Task goal
Output, exactly as written, the lines below from the one that has "plays on Audiomack." through the one that has "316L Minimalist Gold/Silver"; nothing else, and no pictures.

Material provided

..............................

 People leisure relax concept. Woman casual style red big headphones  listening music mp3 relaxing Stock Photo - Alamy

..............................

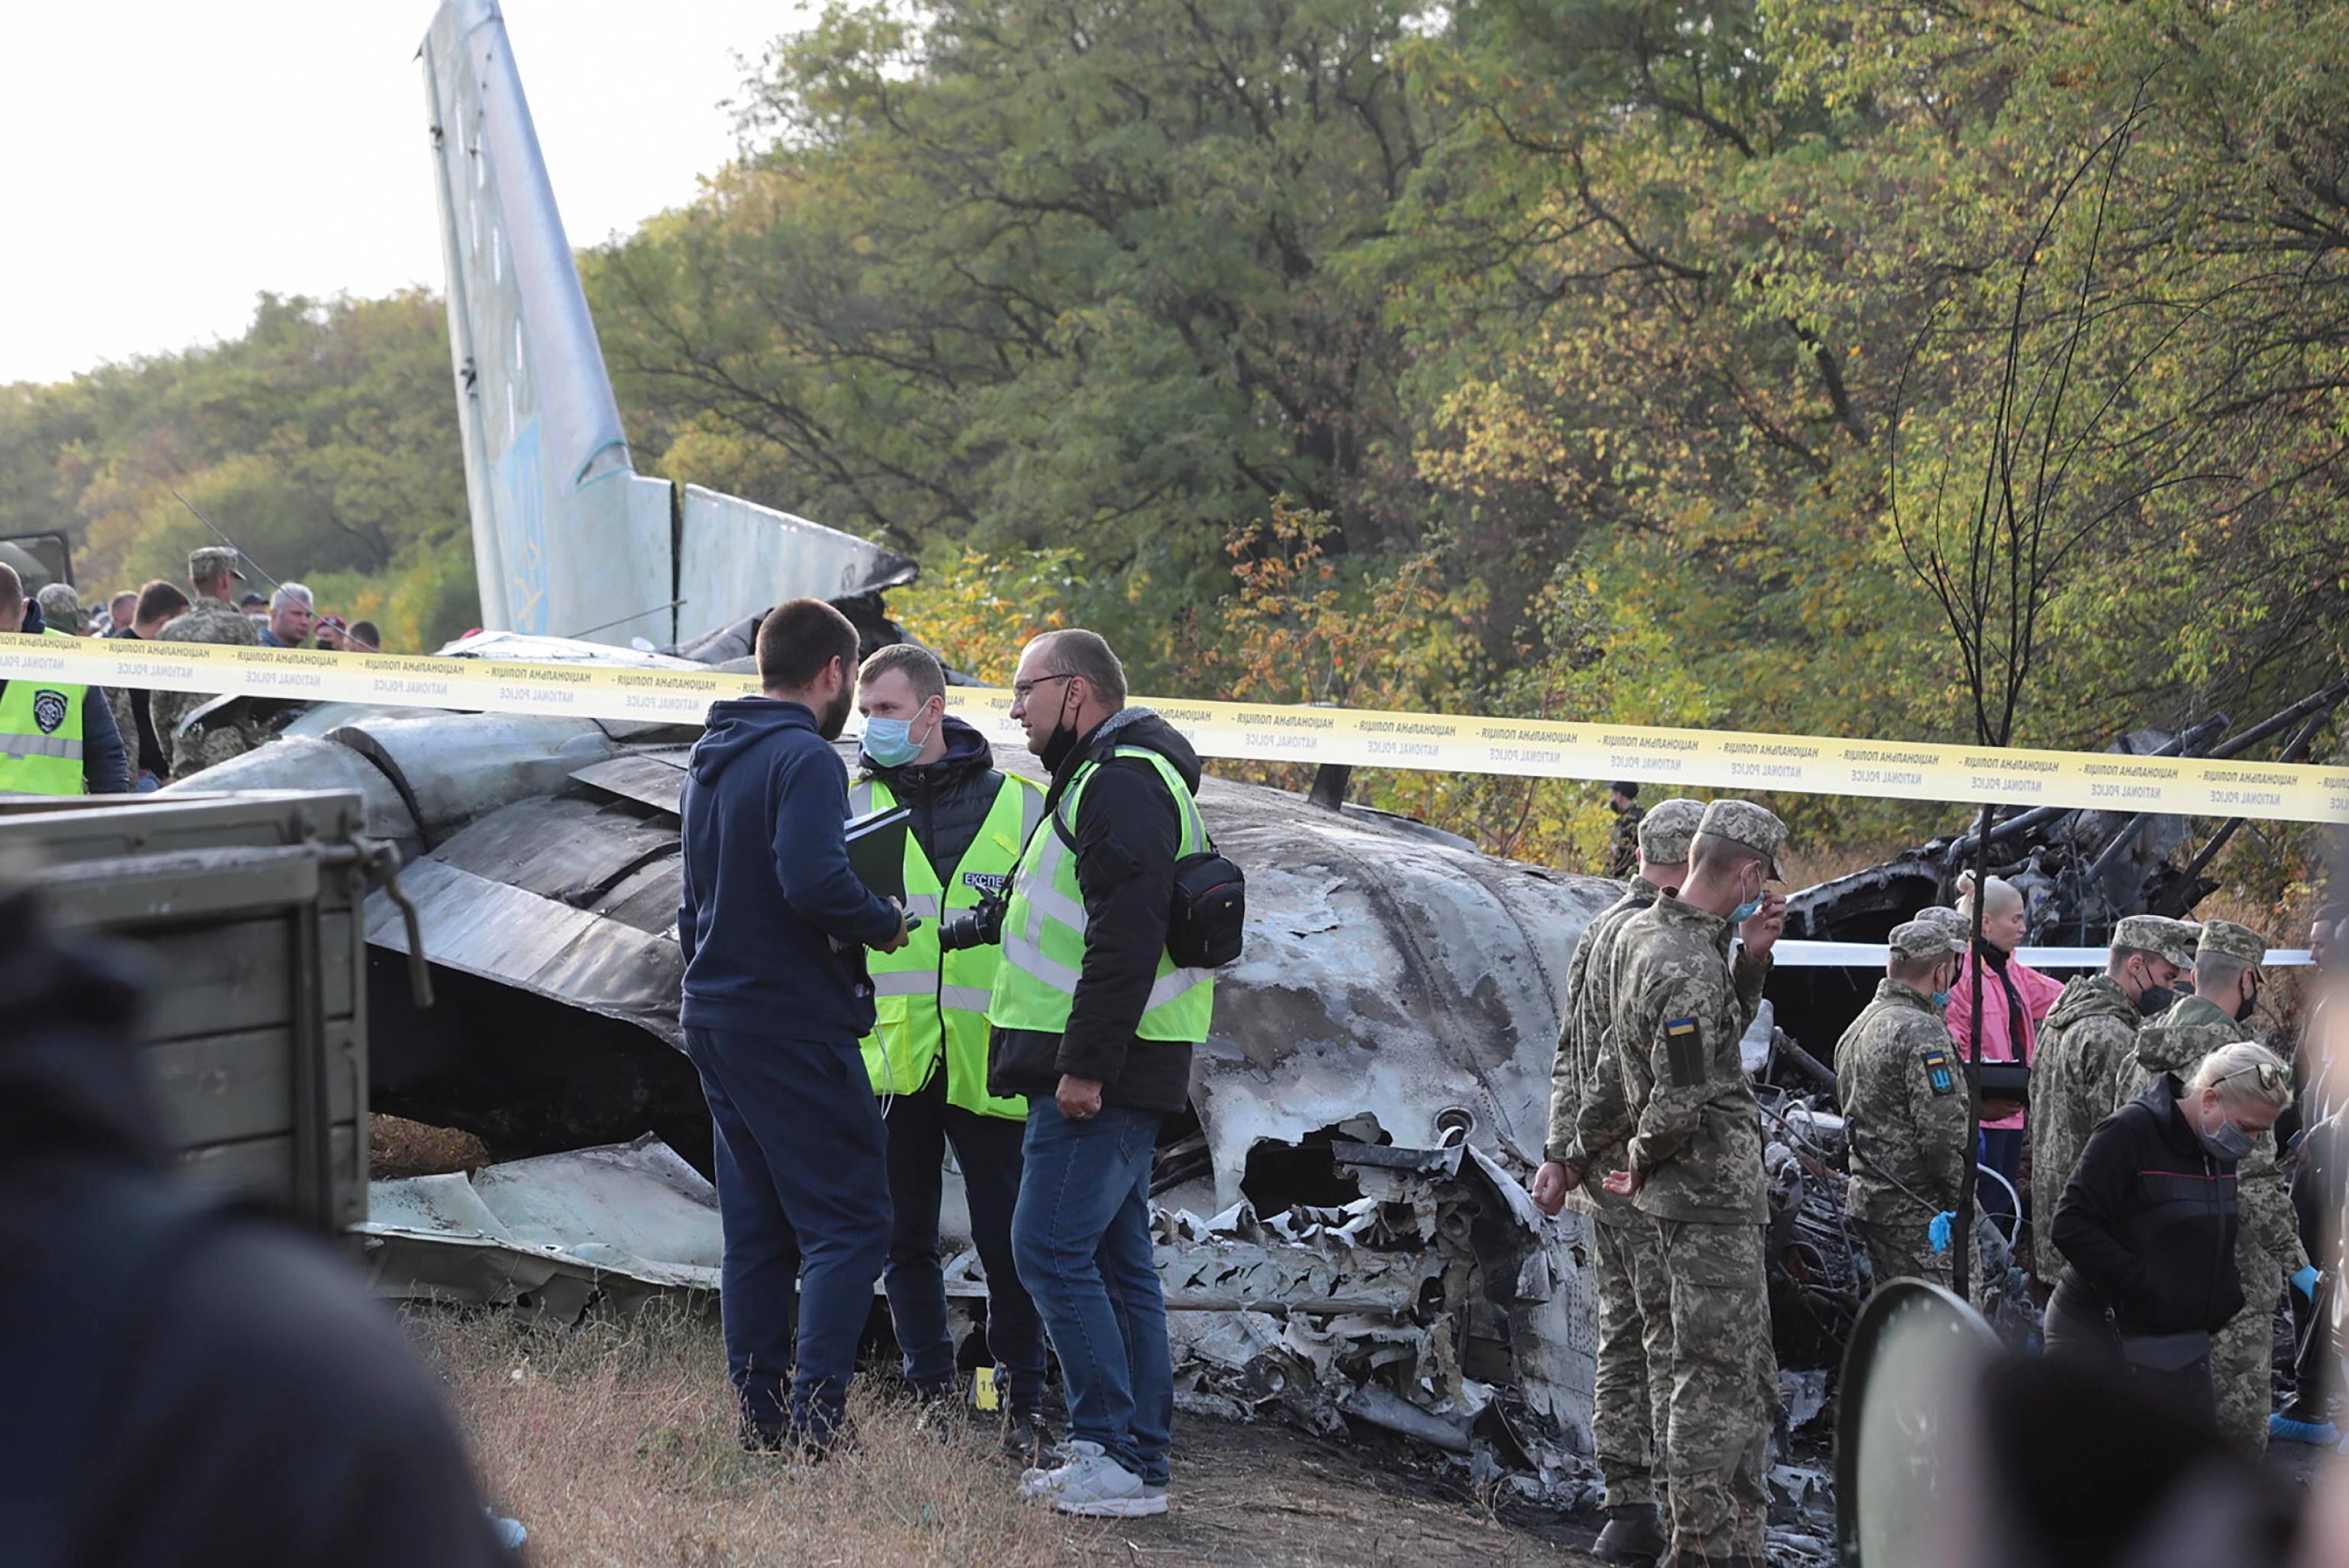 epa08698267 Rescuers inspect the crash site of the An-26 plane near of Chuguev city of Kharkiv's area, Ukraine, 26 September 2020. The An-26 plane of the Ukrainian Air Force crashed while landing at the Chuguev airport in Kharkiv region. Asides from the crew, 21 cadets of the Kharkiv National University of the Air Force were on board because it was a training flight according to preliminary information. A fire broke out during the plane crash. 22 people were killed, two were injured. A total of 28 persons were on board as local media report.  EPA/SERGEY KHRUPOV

..............................

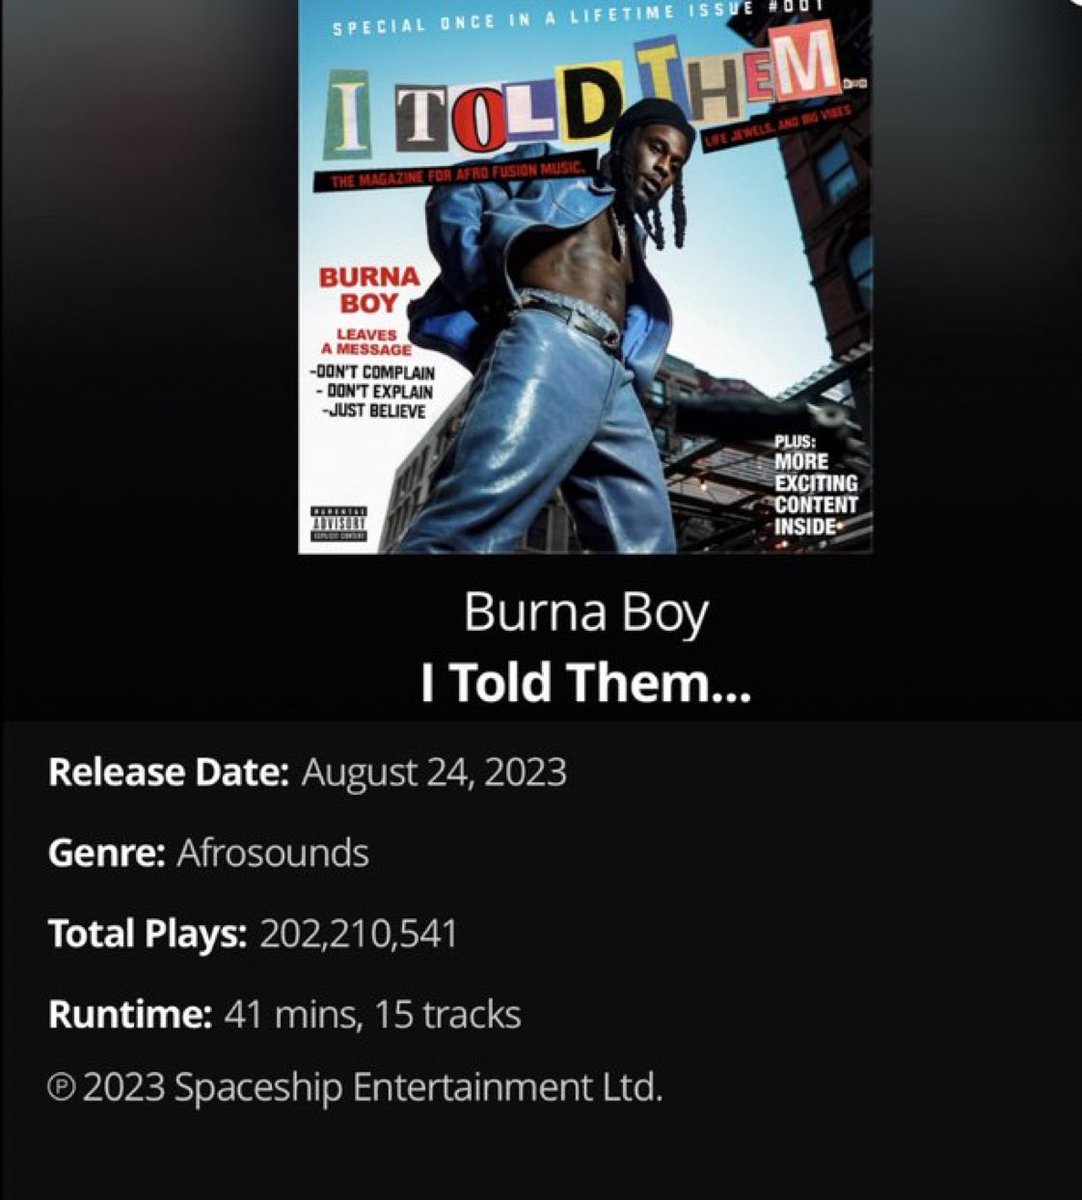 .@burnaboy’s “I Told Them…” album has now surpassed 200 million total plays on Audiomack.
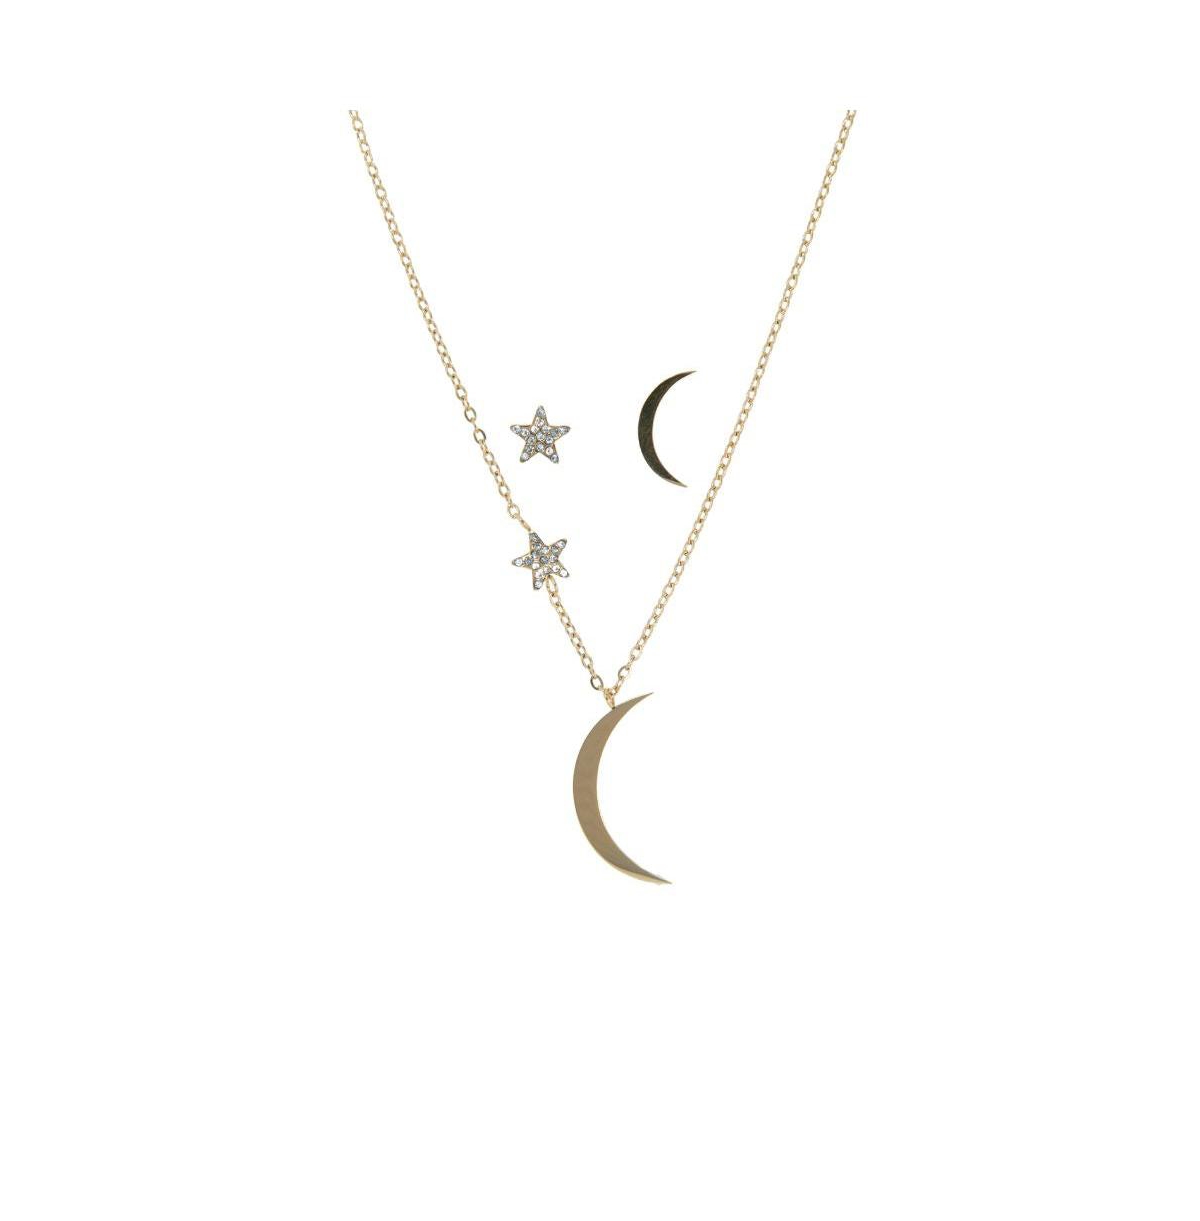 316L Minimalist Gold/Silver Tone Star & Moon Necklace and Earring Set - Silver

..............................

Exercise output
 .@burnaboy’s “I Told Them…” album has now surpassed 200 million total plays on Audiomack.
 316L Minimalist Gold/Silver Tone Star & Moon Necklace and Earring Set - Silver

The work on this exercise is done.